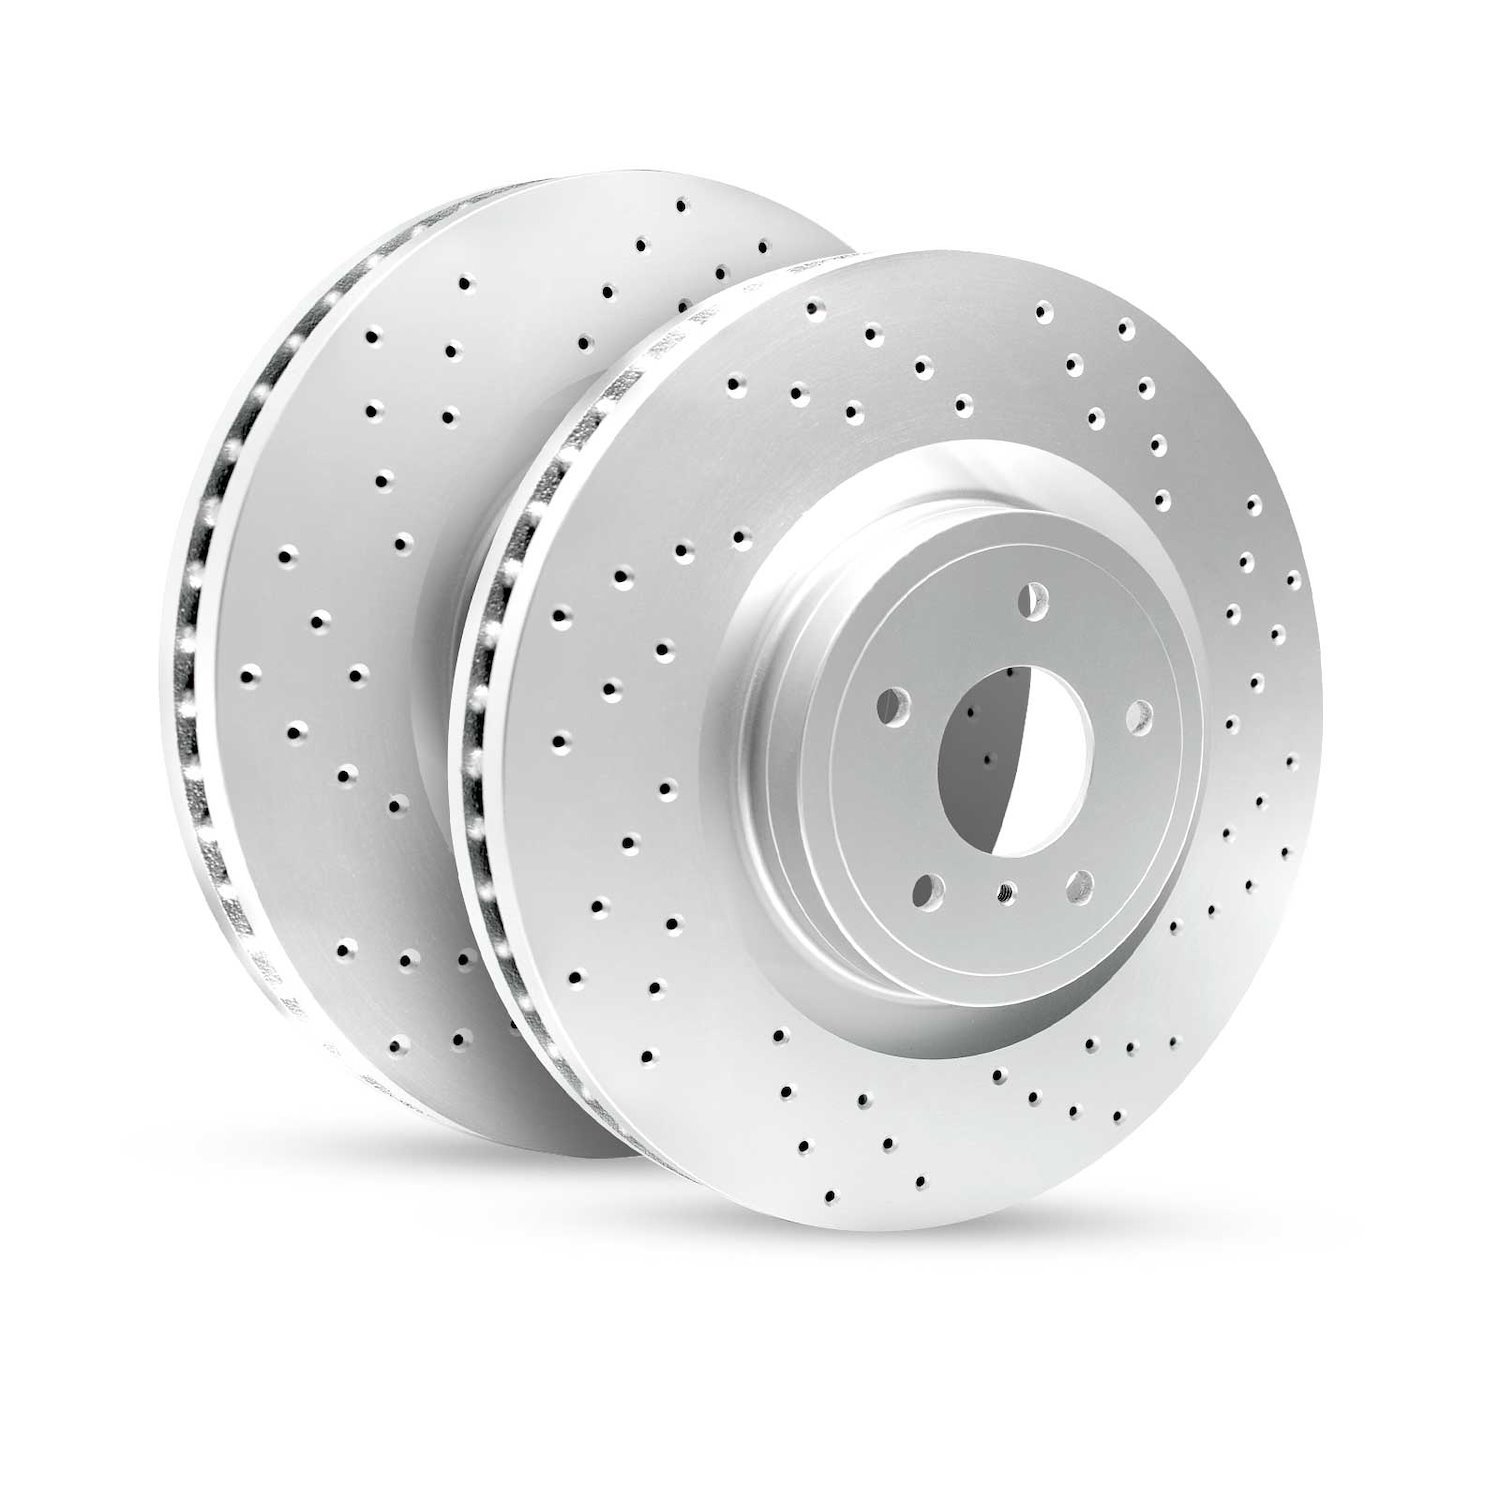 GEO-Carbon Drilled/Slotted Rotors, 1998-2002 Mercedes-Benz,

════════

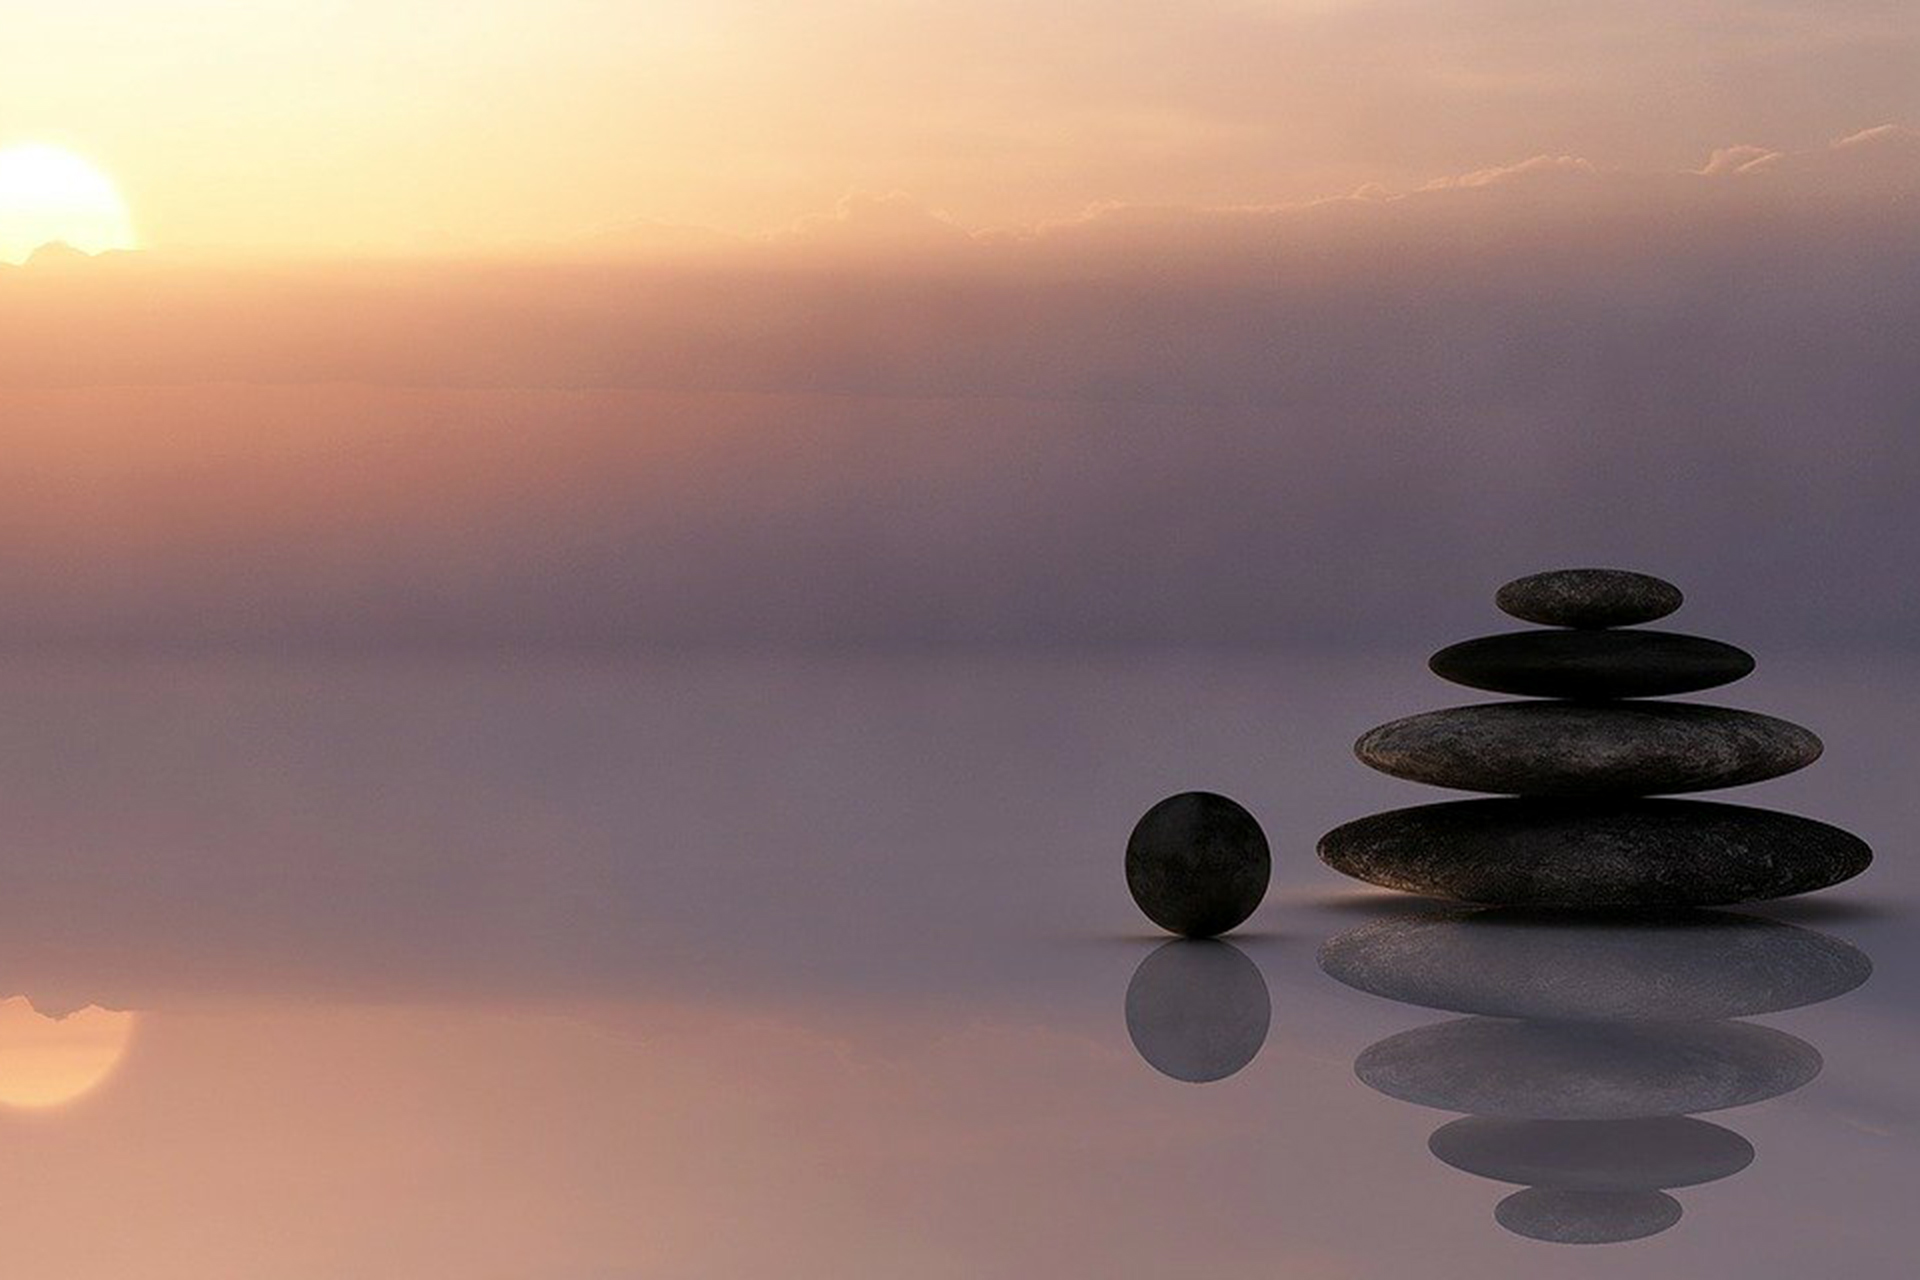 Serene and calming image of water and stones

════════

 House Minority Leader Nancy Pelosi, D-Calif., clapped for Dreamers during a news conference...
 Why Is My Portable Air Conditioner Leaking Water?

════════

→ **The task**:
What is needed is an exact copy of the lines above, from the one containing "House Minority Leader" through the one containing "Why Is My Portable", with nothing added.

→ **Exercise result**:
 House Minority Leader Nancy Pelosi, D-Calif., clapped for Dreamers during a news conference...
 Why Is My Portable Air Conditioner Leaking Water?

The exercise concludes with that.